Somehow I keep finding myself playing naively in an NLP-ish sandbox without really knowing the first thing about legitimate academic NLP.

for instance,

from collections import defaultdict
from math import sqrt
import numpy
import re

words = []
with open("pg.txt") as f:
  for x in f.readlines():
      x = re.sub(r'[^a-z]+', " ", x.lower())
      words.extend(x.split())

counts = defaultdict(int)
for x in words:
    counts[x] += 1

N = 100

common = [x for x in sorted(counts.keys(), key=lambda(y): -counts[y])]
topn = [common[y] for y in range(N)]


before = defaultdict(lambda: defaultdict(int))
after = defaultdict(lambda: defaultdict(int))
for wi in range(2, len(words) - 2):
    if words[wi] in topn:
        after[words[wi - 1]][words[wi]] += 1
        after[words[wi + 1]][words[wi]] -= 1

vecs = {}
for cw in common:
    vecs[cw] = [after[cw][tw] for tw in topn]

def normalize(v):
    len = sqrt(sum(x * x for x in v))
    if len < 4:
        return False
    return [x / len for x in v]

for cw in common:
    nv = normalize(vecs[cw])
    if nv:
        vecs[cw] = nv
    else:
        del(vecs[cw])

target = "of"
vtarget = vecs[target]

ranked = sorted(vecs.keys(), key=lambda(x): -numpy.vdot(vtarget, vecs[x]))

for x in ranked:
    print x, numpy.vdot(vtarget, vecs[x])

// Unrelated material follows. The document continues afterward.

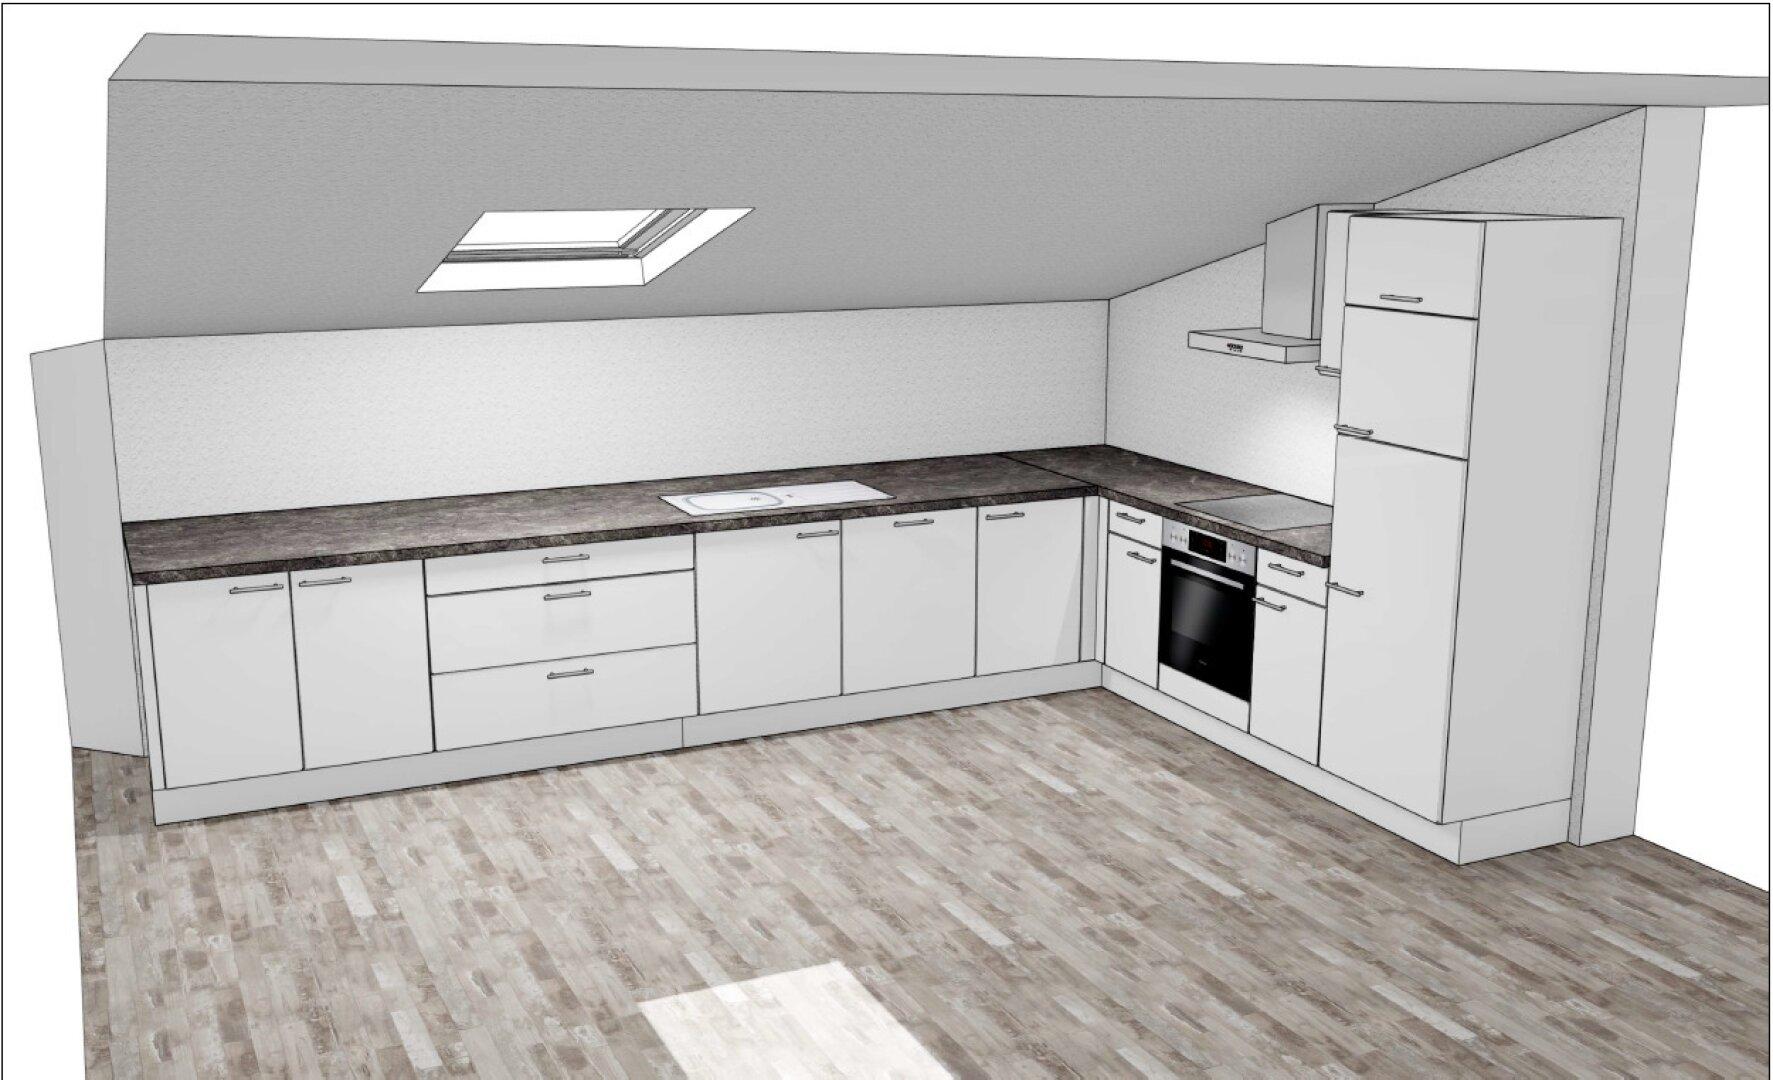 Küche wird neu eingebaut, in Bearbeitung

thrown at some project gutenberg text yields a whole bunch of prepositions all clumped together at one end of the objective function
of 1.0
into 0.978894370397
from 0.978135291622
for 0.978033825851
upon 0.977359735558
in 0.975798319051
by 0.972774713053
on 0.972298555885
among 0.969156476196
during 0.96721552238
towards 0.966558119514
with 0.962186062745
between 0.954884847906
to 0.946391749022
through 0.942979756684
respecting 0.940621244463
at 0.939330654695

and a whole bunch of adjectives all clumped together at the other extreme:
entire -0.959733960081
first -0.962401201704
fourth -0.96430285823
next -0.964411719589
following -0.964601889971
principal -0.966878822836
second -0.968995783247
united -0.972999124908
greatest -0.973458299043
utmost -0.973928331974
whole -0.978632110159


What I'm doing is taking the 100 most common words, and assigning a length-100 vector to all the w words in the vocabulary of the text, where you find the ith element by giving it a ++ every time you see w immediately before the ith most common word, and a -- every time you see w immediately after the ith common word.

And then I normalize those vectors, throwing out the ones that are too small to be interesting, and sort all the words by their dot product with some chosen word, in this case 'of'.

Dunno, it seems interesting that adjectives seem like "the opposite" of prepositions in this space, and also determiners appear to be the opposite of (some?) nouns. And the adjective-preposition axis seems roughly orthogonal to the determiner-noun axis.

---

omg and I tried seeing if that crazy thing from google's word2vec paper did anything, and replaced the vtarget line with:

vtarget = [-vecs["taking"][i] + vecs["capturing"][i] + vecs["take"][i] for i in range(N)]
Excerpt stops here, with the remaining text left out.